P15 - Role of kinase-coupled TRP channels in Mg2+ homeostasis: From mouse models to human disease
TRPM6 and TRPM7 are bifunctional proteins comprising a TRP channel segment linked to an α-type protein kinase. Mutations in the human TRPM6 gene cause a familial form of hypomagnesemia. Mechanistically, the regulation of Mg2+ homeostasis and the pathophysiology of TRPM6 mutations are poorly understood. This project will address these issues capitalizing on novel mouse models, antibodies, and ligands. Conditional disruption of the Trpm6 gene results in severe Mg2+ depletion and a syndrome resembling premature aging. Thus, the project will grant insight into the role of Mg2+ in physiology and dissect the relationship between an essential nutrient and cell metabolism and aging.
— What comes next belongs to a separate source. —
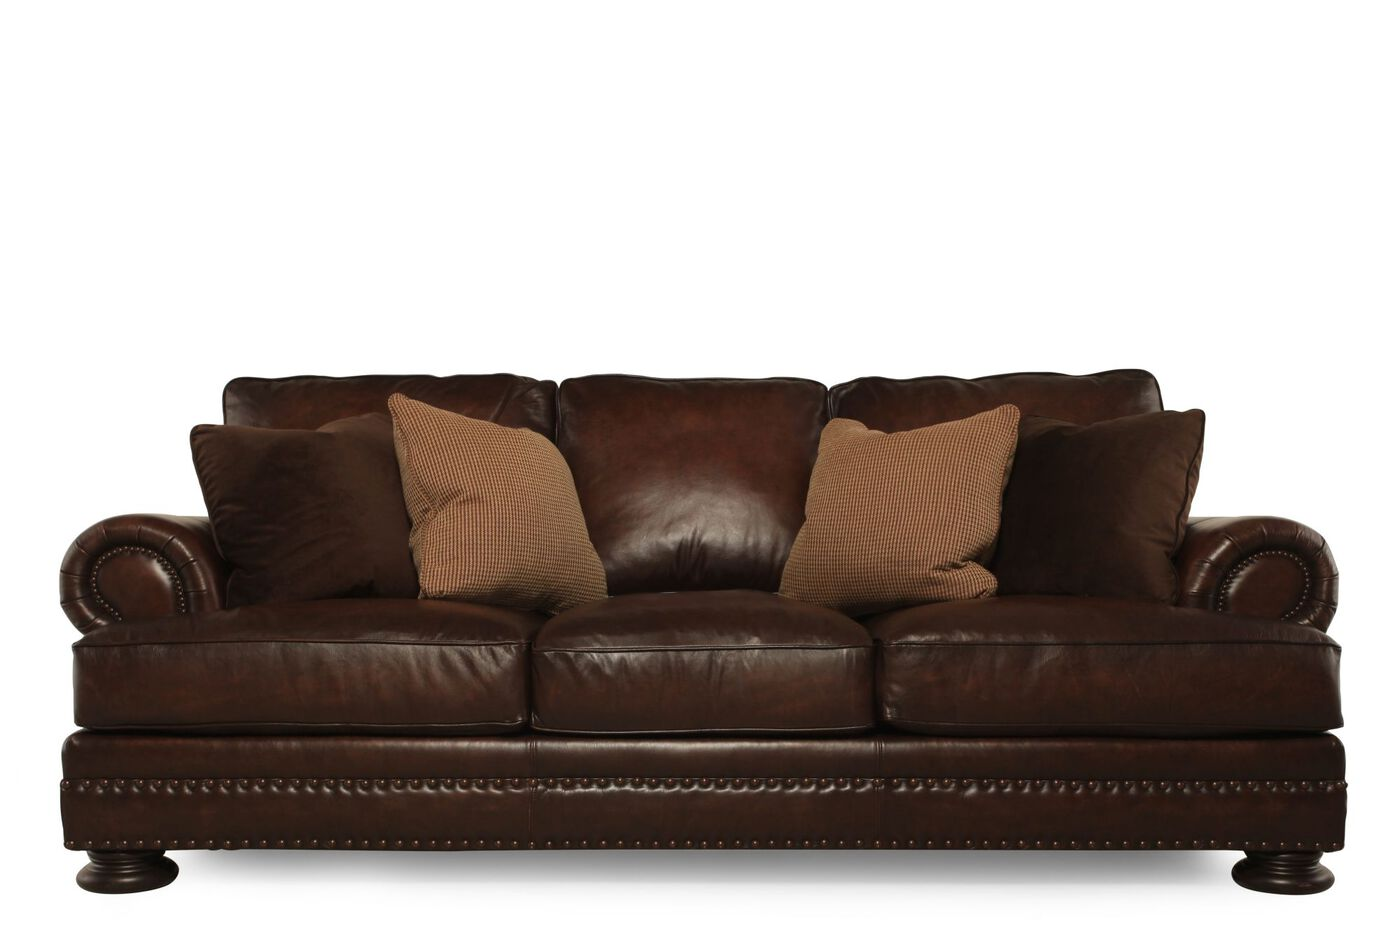 Bernhardt Leather Sofas  U2013 Thesofa

Figure. Interplay of TRPM6 and TRPM7 kinase-coupled channel complexes in the control of Mg2+ transport by epithelial cells.
Left: Apical localisation of TRPM6 protein in distal convoluted tubules of mouse kidney as assessed by a TRPM6-specific antibody.
Right: Current model of the role of TRPM6 and TRPM7 in transcellular Mg2+ transport. TRPM6 co-functions with TRPM7 to ensure a high rate of Mg2+ uptake by epithelial cells.